The arrival of Level 36 brings us Jimbo Jones, a premium character for the Simpsons Tapped Out. After you’ve shelled out 120 donuts, to unlock Jimbo, you unlock his 7 part questline. Here’s the complete walkthrough to help guide you through his quest.
Rebel Without a Pause Pt. 1
After tapping Jimbo
Jimbo: The New Yorker was right. School sucks.
Bart: Hey, at least it’s almost lunchtime, right?
Jimbo: If I have to eat another serving of Mystery Meat Surprise, I’m gonna hurl. And don’t get me started on the lunch ladies and their policy of not dating students.
Complain about Cafeteria Food- 8hrs
Rebel Without a Pause Pt. 2
After tapping Jimbo
Jimbo: Well I’m not going to eat this stuff… which leaves me only one other choice. Heads up, one helping of Mystery Meat Surprise, with a side of hurl!
Lisa: Incoming!
Sherri (or is it Terri): Why does it burn my skin?
Skinner: What’s all this ruckus? Lunch is supposed to be time for quiet reflection and eating. *gasp* Children covered in meat? Food not on plates? Forks pulled back, primed to launch? Why, this is a….Food Fight!
Make Jimbo Incite a Food Fight– 4hrs
Skinner: This has Jimbo Jones written all over it. In mustard no less!
Ralph: Principal Skinner, my lunch ended up on the outside and my homework on the inside.
Rebel Without a Pause Pt. 3
After tapping Jimbo
Jimbo: Cutting class on a day like this really makes you appreciate the little things – like cutting class. Ah, the birds, the tress, the sun on my face, makes me want to become a better man…Hey look, a frog to kick!
Make Jimbo Hacky Sack a Frog– 12hrs
Keep Lisa free when complete
Rebel Without a Pause Pt. 4
After tapping Lisa
Lisa: Look, Jimbo’s on one of his famous nature walks. Wait, that’s not a thing Jimbo does. Oh no…..he’s kicking a defenseless frog! I’m going to go give him a piece of my mind. On the internet. Anonymously.
Make Lisa Blog about Amphibian Rights– 24hrs
Keep Jimbo free when complete
Rebel Without a Pause Pt. 5
After tapping Jimbo
Jimbo: Man, this frog is giving me nothing. No crying, no begging, very little lunch money and I think he likes swirlies. I could really go for something to eat but I don’t feel like spending any cash. I guess this is why God gave us opposable thumbs and loose moral compasses.
Make Jimbo Get a Four-Finger Discount- 1hr
Apu: Stop, thief! You have failed to pay for the items you have stored in your pants. Come back here or I will call the police! I am calling them right now! Yes, I’d like to report a robbery in progress. They have me on hold, but I will wait patiently on the line until you are punished.
Rebel Without a Pause Pt. 6
After tapping Jimbo
Jimbo: This candy tastes even sweeter because it was stolen. But a little melted. Note to self – next time steal some napkins.
Skinner: Jimbo Jones, why are you enjoying yourself outside of school when you should be hating yourself inside of school?

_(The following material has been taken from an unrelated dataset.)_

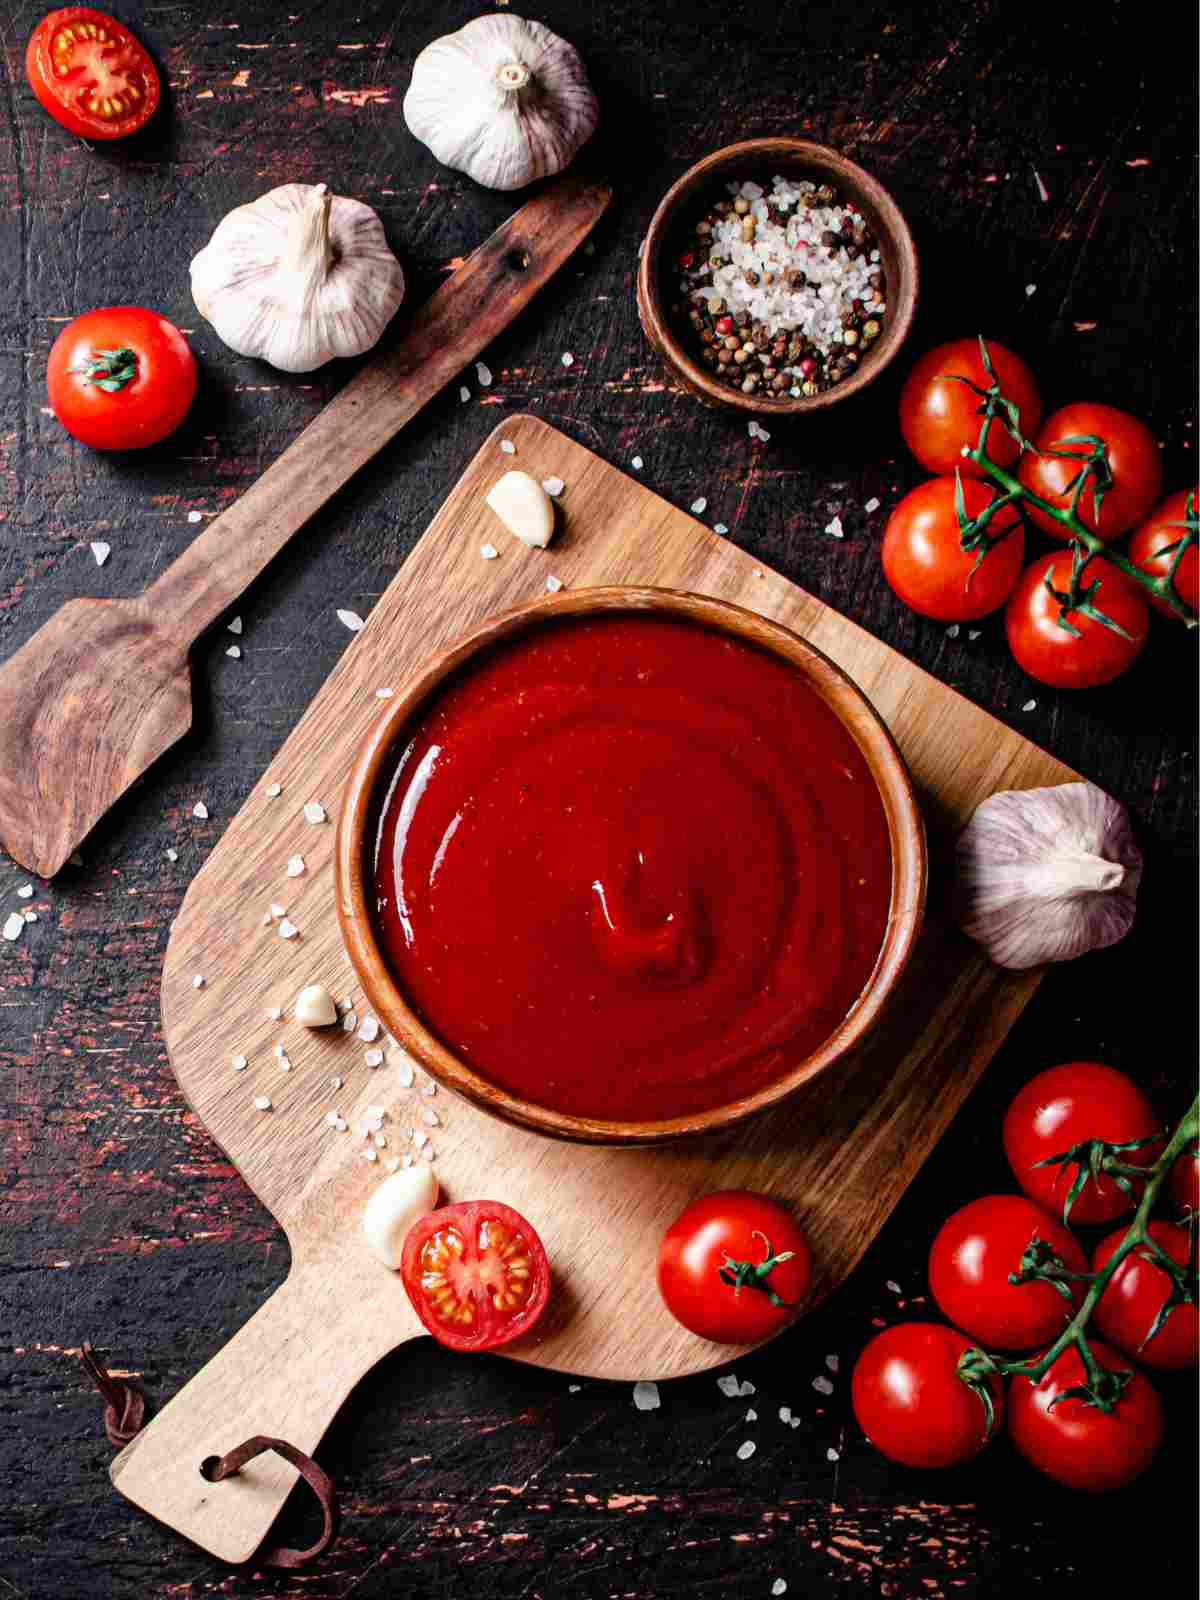 History and origins of tomato sauce and tomato paste

Jimbo: Principal Skinner? What are you doing off school grounds? This is like seeing a polar bear in the desert.
Skinner: Don’t get smart with me young man. Get smart with your teacher. See, that’s the kind of cleaver word play you should be learning right now… in class!
Jimbo: I got you, but you’re not going to get me. So long, Principal Sucker!
Skinner: Ooh, he’s pretty good with the wordplay already.
Make Jimbo Skateboard– 24hrs
Rebel Without a Pause Pt. 7
After tapping Jimbo
Jimbo: Theft, animal cruelty, avoiding authority – and my guidance counselor said I couldn’t be productive. A day this good, I should probably thank the big man upstairs. Oh wait, he’s out of town. Oh well, I’ll thank God instead, just to cover my bases.
Make Jimbo Sneak into Church– 4hrs
Lisa: Is that Jimbo coming out of church? Jimbo, you show no respect for authority except the biggest authority there is?
Jimbo: A life without faith is a hollow and empty life. Plus I swiped these sweet organ pipes. I hear organs are worth a fortune on the black market.
And with that the Jimbo Jones questline is complete! What did you think?